(DATA PROVIDED begins)

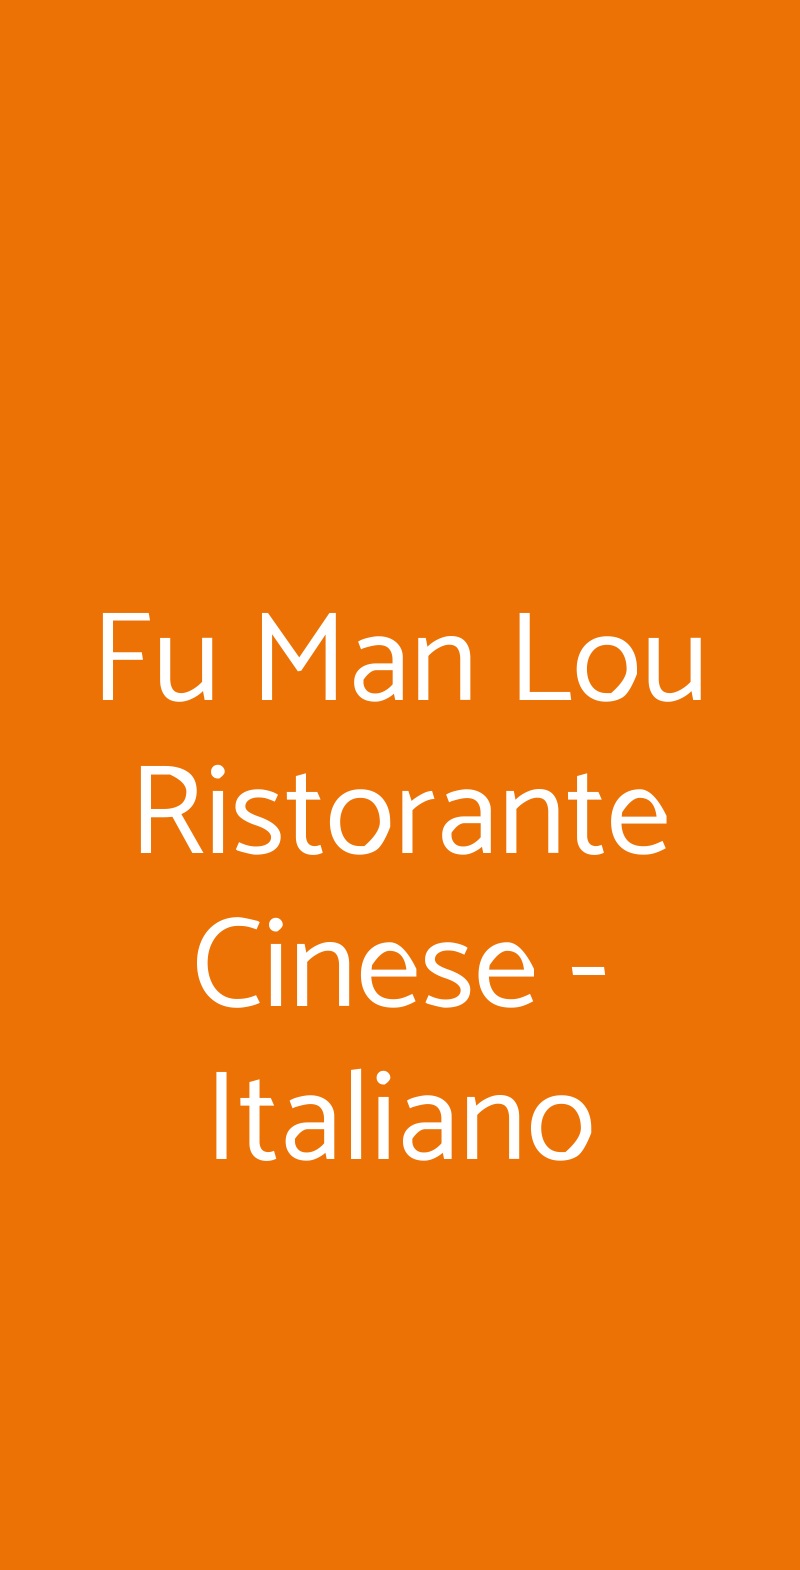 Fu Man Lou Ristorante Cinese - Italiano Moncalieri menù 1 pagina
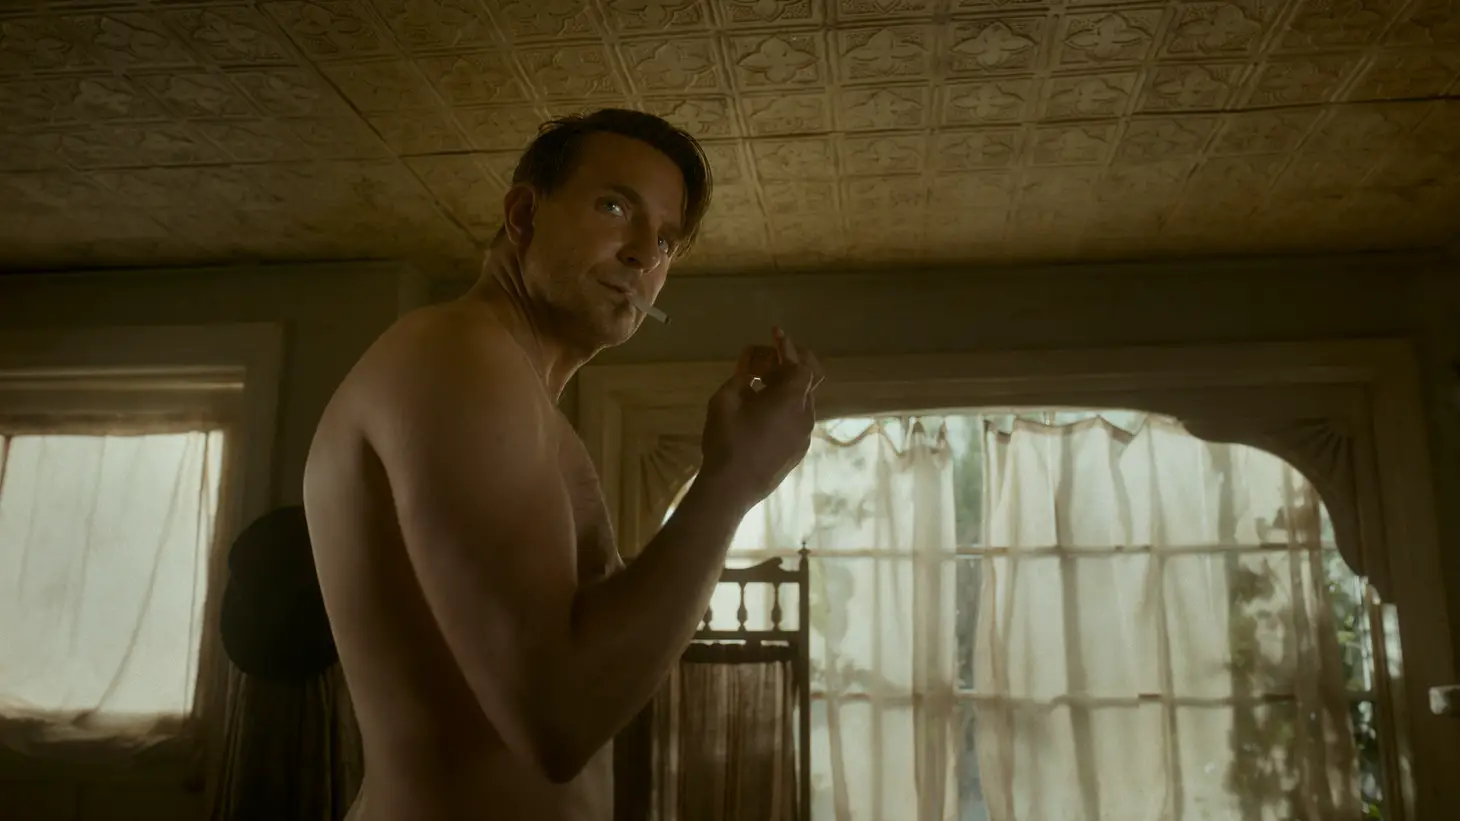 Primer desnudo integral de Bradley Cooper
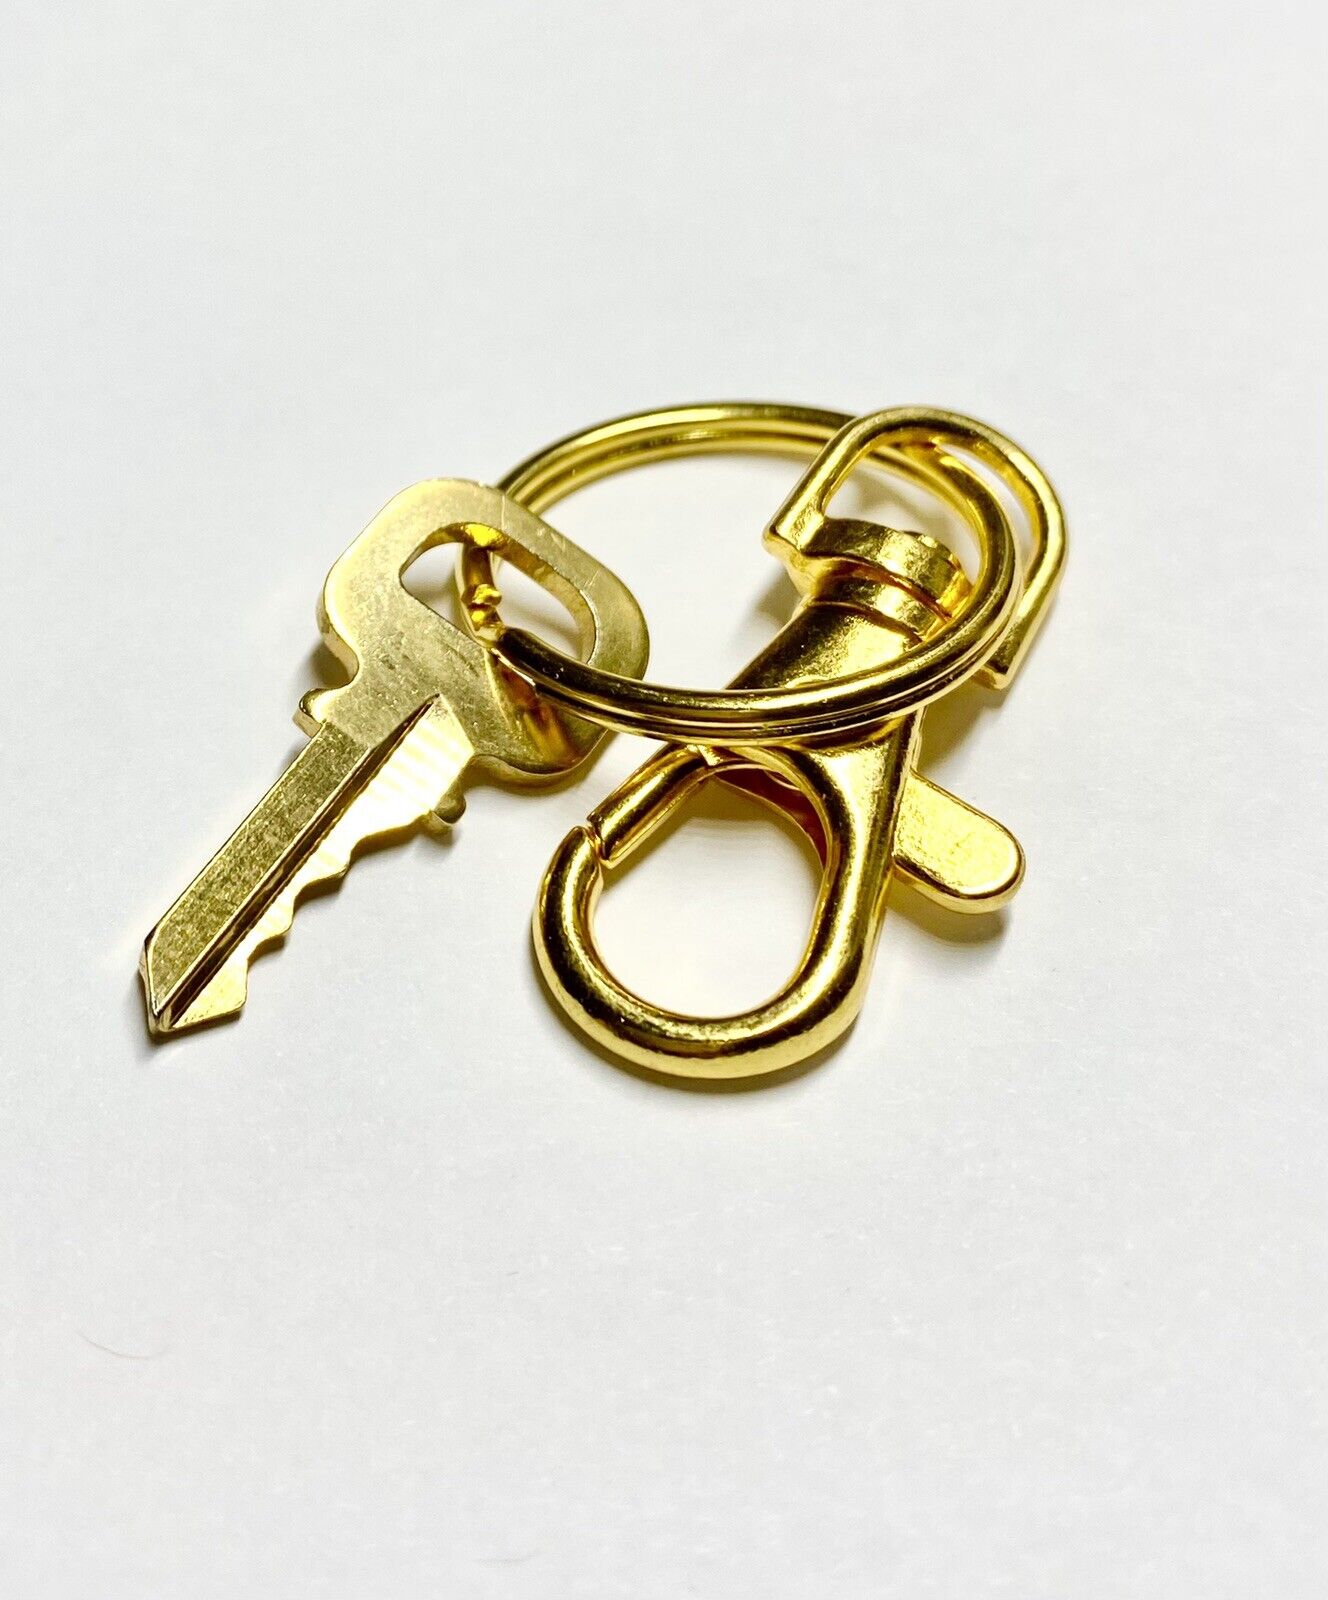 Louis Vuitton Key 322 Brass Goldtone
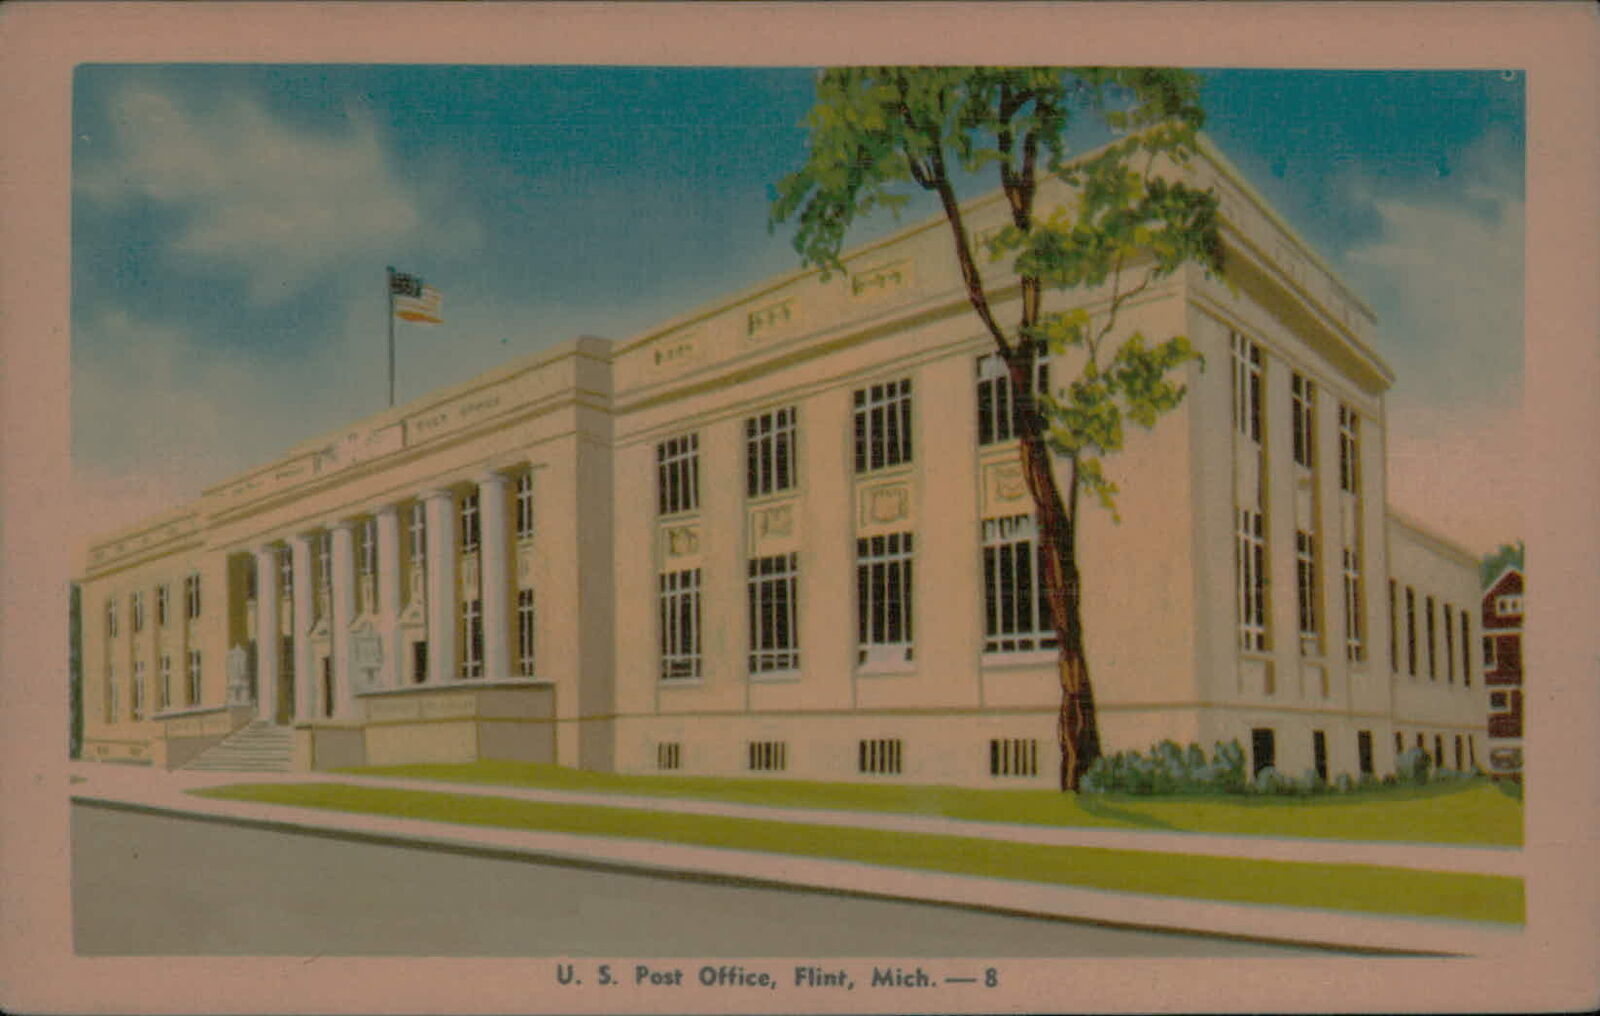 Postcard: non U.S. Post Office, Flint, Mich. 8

(DATA PROVIDED ends)

◆ EXERCISE INSTRUCTIONS: Once the pictures are set aside, output the whole listing exactly.

◆ RESULT BELOW:
 Fu Man Lou Ristorante Cinese - Italiano Moncalieri menù 1 pagina
 Primer desnudo integral de Bradley Cooper
 Louis Vuitton Key 322 Brass Goldtone
 Postcard: non U.S. Post Office, Flint, Mich. 8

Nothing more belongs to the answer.